Next, mice were housed in exercise conditions for 3 weeks and then subjected to behavioral tests to analyze depressive-like behavior. In wild-type mice, immobility time decreased in the forced swimming test (Figure 1C) and the tail suspension test (Figure 1D) after 3 weeks of exercise, indicating the antidepressant effects of exercise. By contrast, Htr3a−/− mice showed no decrease in immobility time in either test after 3 weeks of exercise (Figure 1C and 1D), indicating that 5-HT3 receptors are essential for the antidepressant effects of exercise (27).
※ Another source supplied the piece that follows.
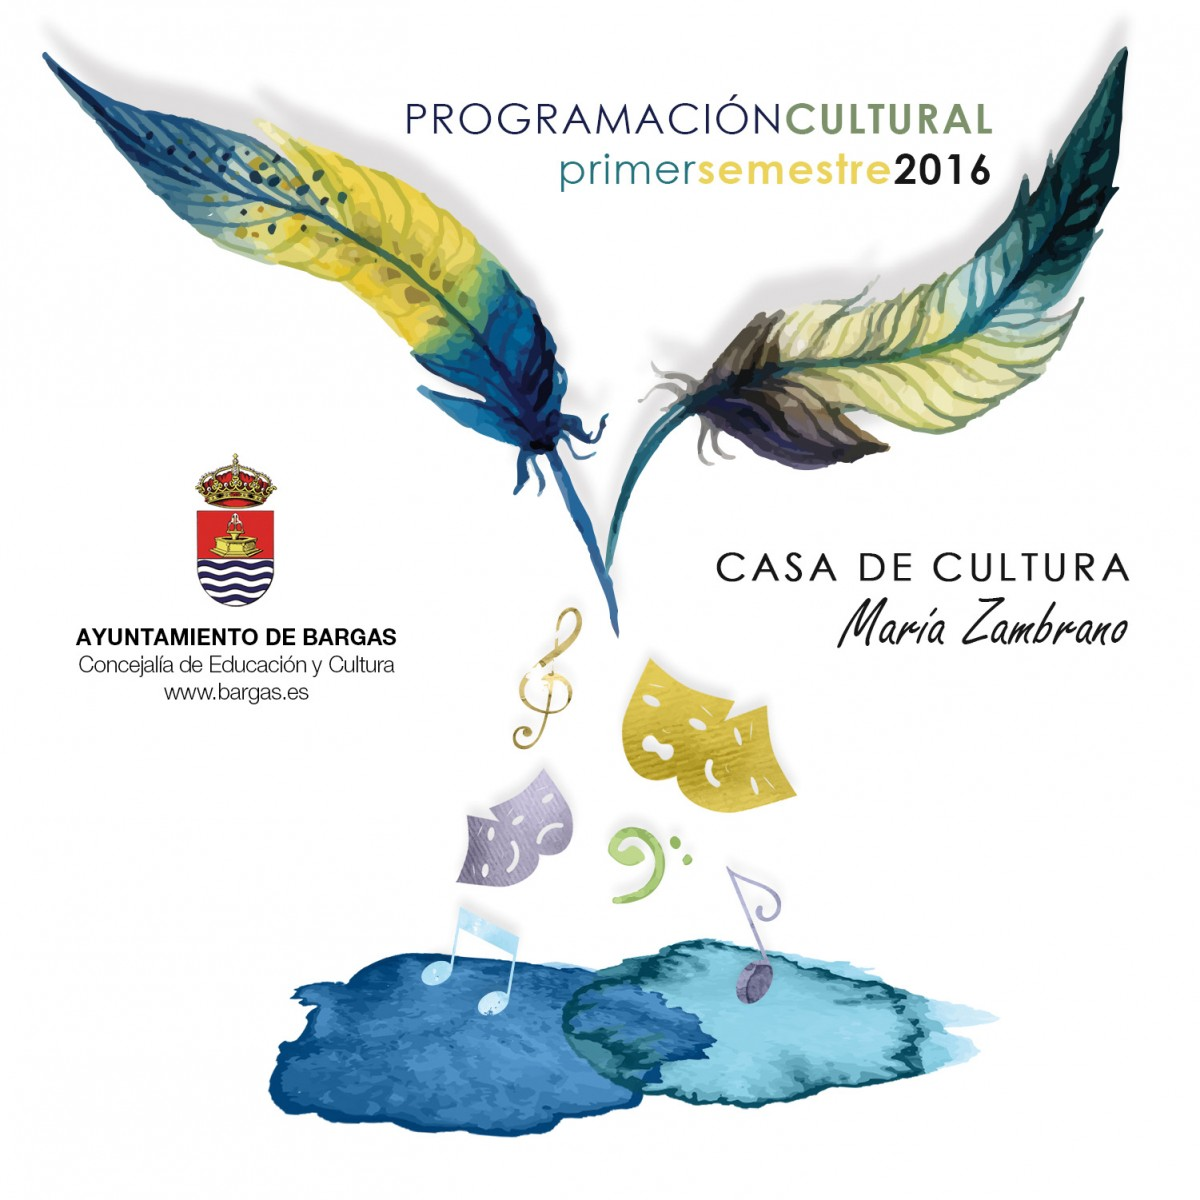 Programación Cultural Primer Semestre 2016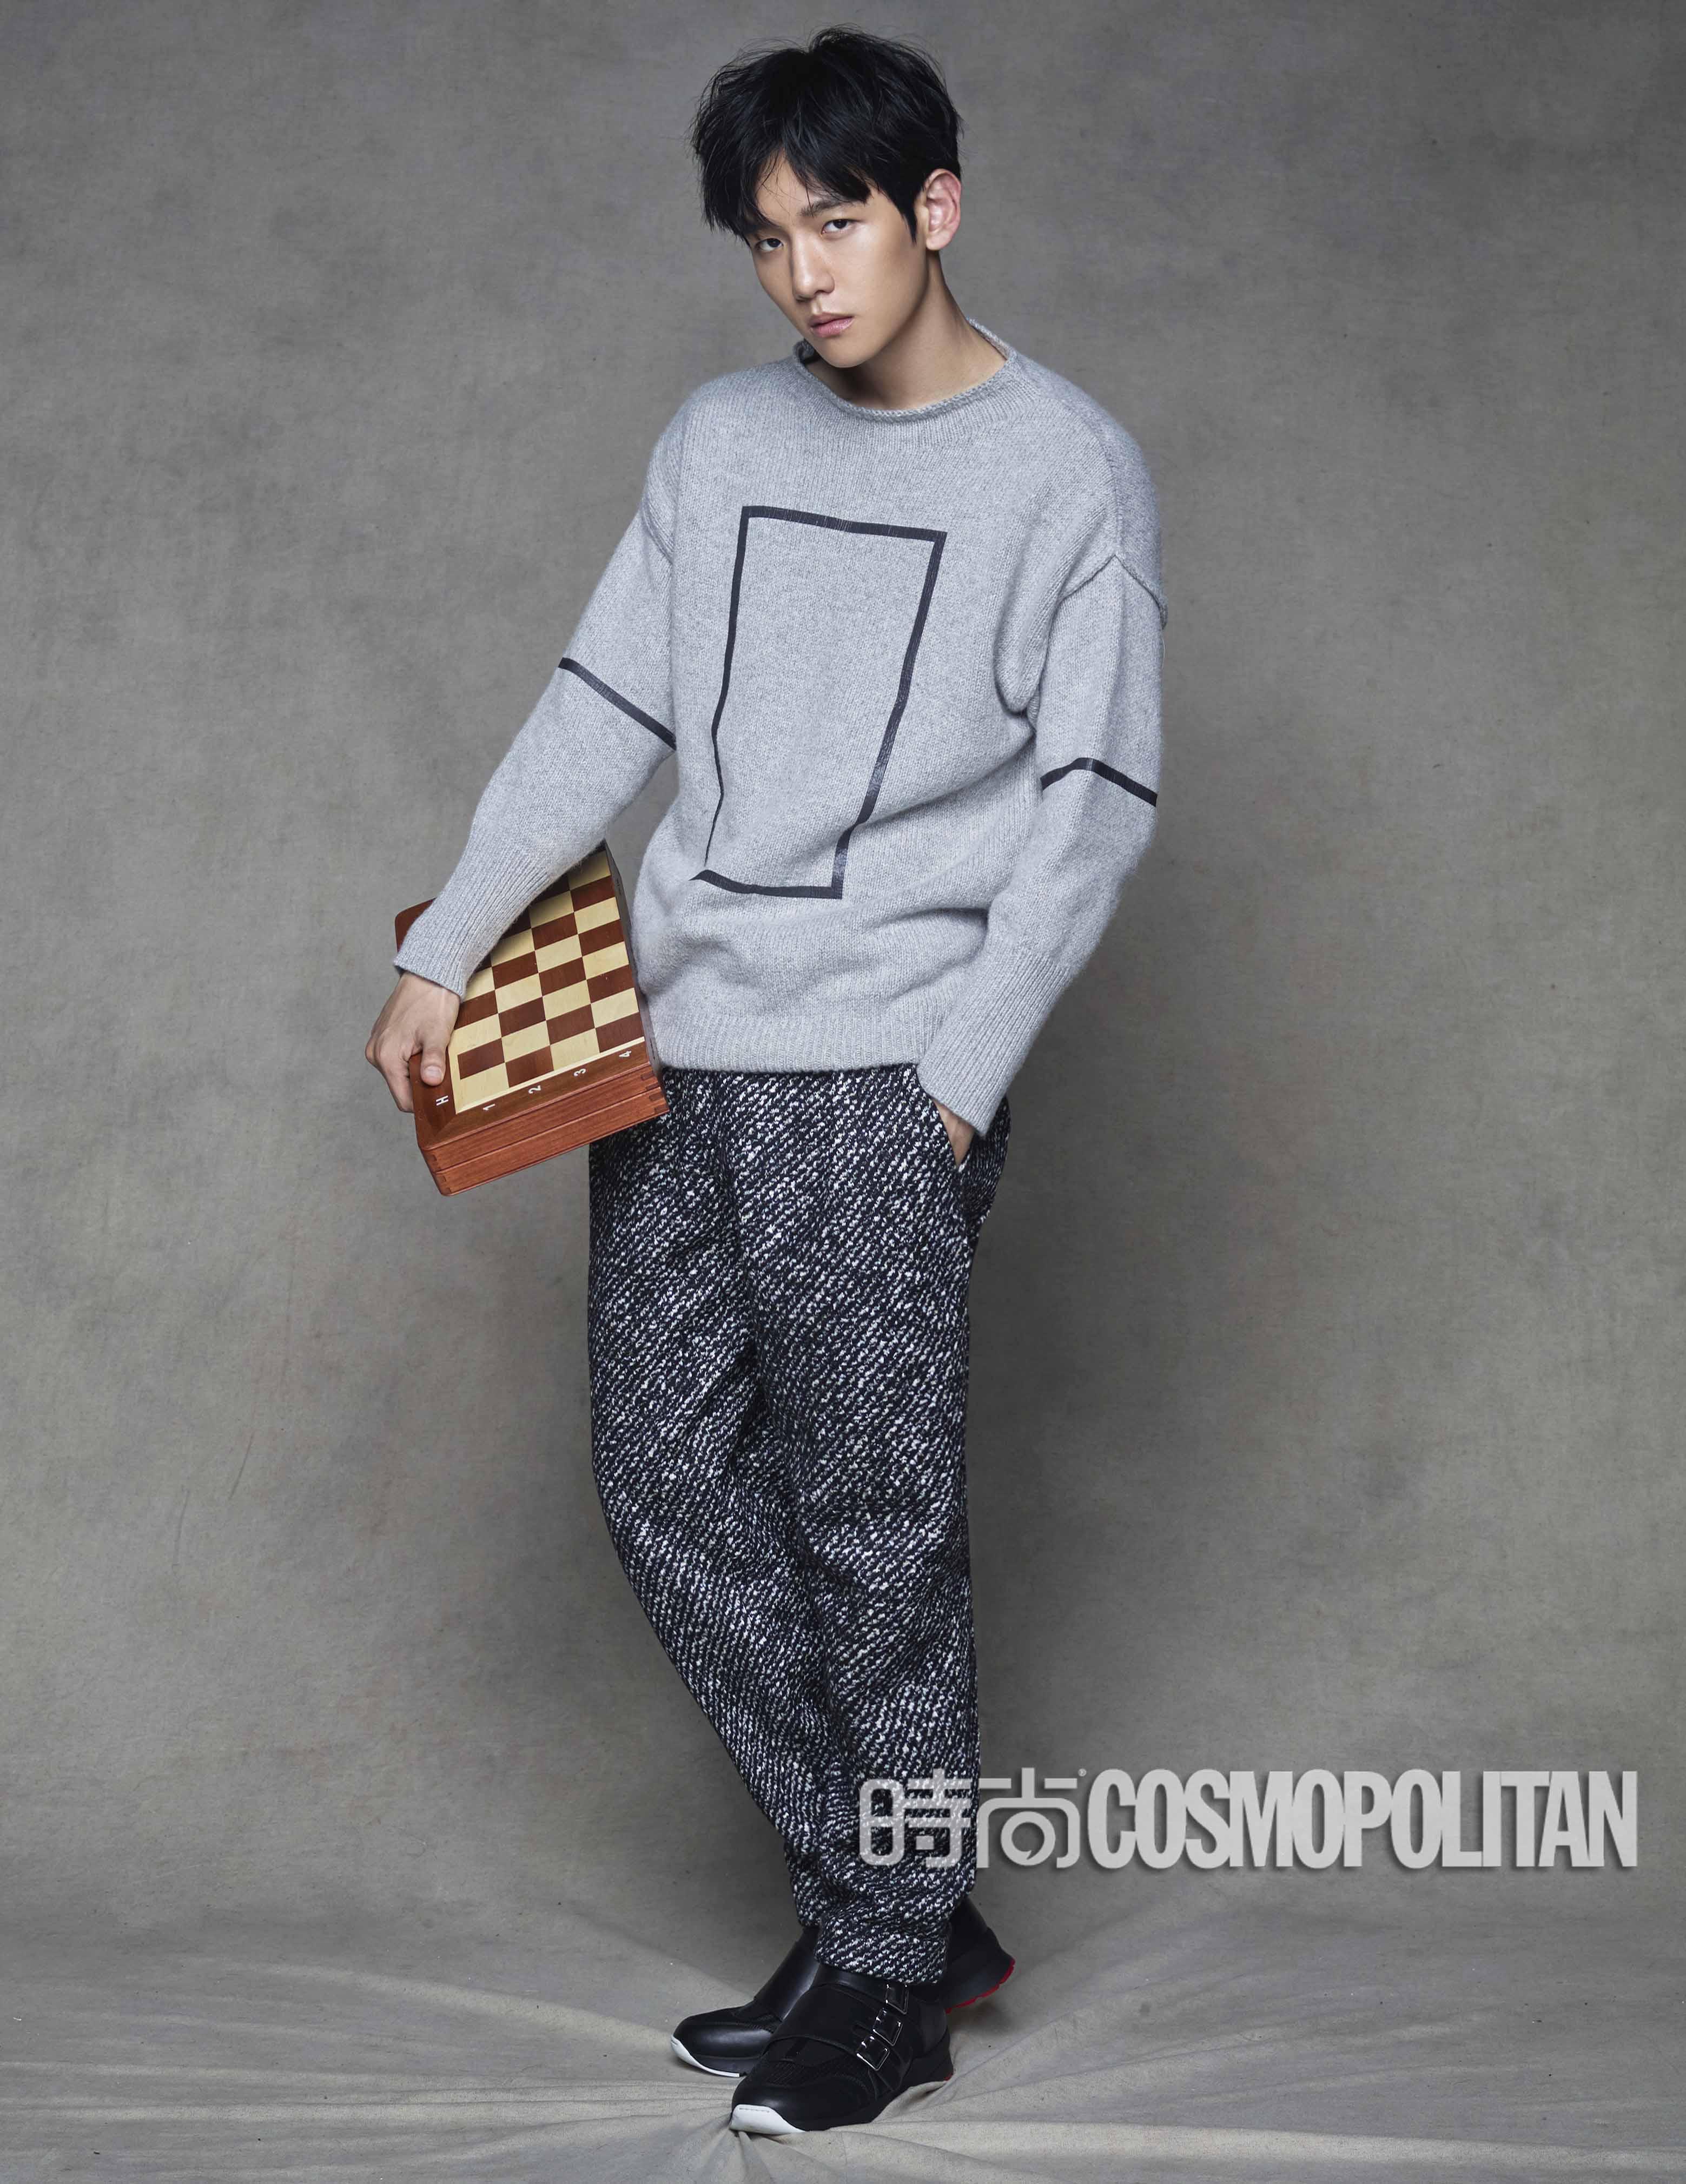 Byun Baekhyun Android Iphone Wallpaper 66122 Asiachan Kpop Image

These results indicate that 5-HT3 receptors play an essential role in the exercise-induced increase in hippocampal neurogenesis and antidepressant effects. In other words, it was suggested that exercise-induced serotonin increase in the hippocampus induces hippocampal neurogenesis and antidepressant effects via 5-HT3 receptors (27), (28). Therefore, we next focused on the 5-HT3 receptor-mediated antidepressant effects and examined it in more detail.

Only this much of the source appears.